Neural manifolds for odor-driven innate and acquired appetitive preferences

It remains unclear how odorants with diverse appetitive preferences are encoded by an ensemble of neurons. Here, the authors show that such odorants can be succinctly described using low-dimensional neural representations or 'neural manifolds.' Sensory stimuli evoke spiking neural responses that innately or after learning drive suitable behavioral outputs. How are these spiking activities intrinsically patterned to encode for innate preferences, and could the neural response organization impose constraints on learning? We examined this issue in the locust olfactory system. Using a diverse odor panel, we found that ensemble activities both during ('ON response') and after stimulus presentations ('OFF response') could be linearly mapped onto overall appetitive preference indices.
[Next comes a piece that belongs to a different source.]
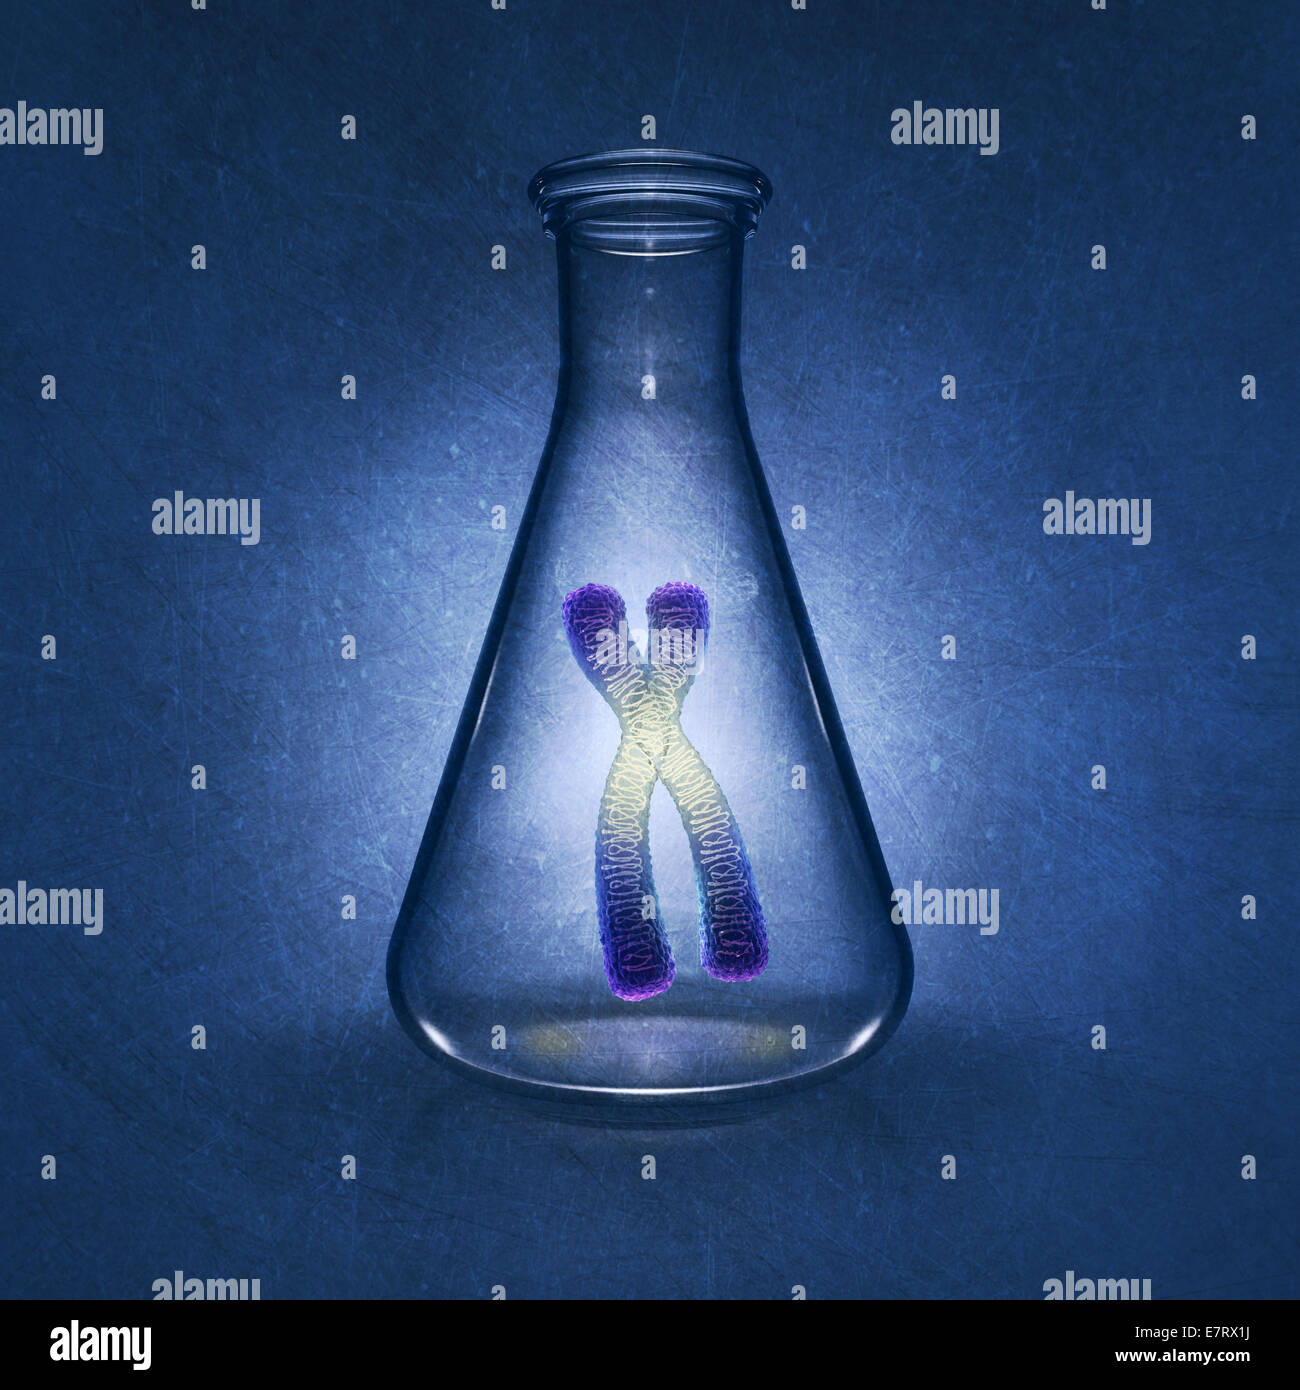 Cromosoma humano en frasco de laboratorio sobre fondo azul , ilustración detallada Foto de stock

Although diverse, ON and OFF response patterns generated by innately appetitive odorants (higher palp-opening responses) were still limited to a low-dimensional subspace (a 'neural manifold'). Similarly, innately non-appetitive odorants evoked responses that were separable yet confined to another neural manifold. Notably, only odorants that evoked neural response excursions in the appetitive manifold could be associated with gustatory reward. In sum, these results provide insights into how encoding for innate preferences can also impact associative learning.

Automated summary

This study found that odorants with diverse appetitive preferences can be described using low-dimensional neural representations or 'neural manifolds.' The neural response patterns, both during and after stimulus presentations, could be linearly mapped onto overall appetitive preference indices. These findings provide insights into how encoding for innate preferences can impact associative learning.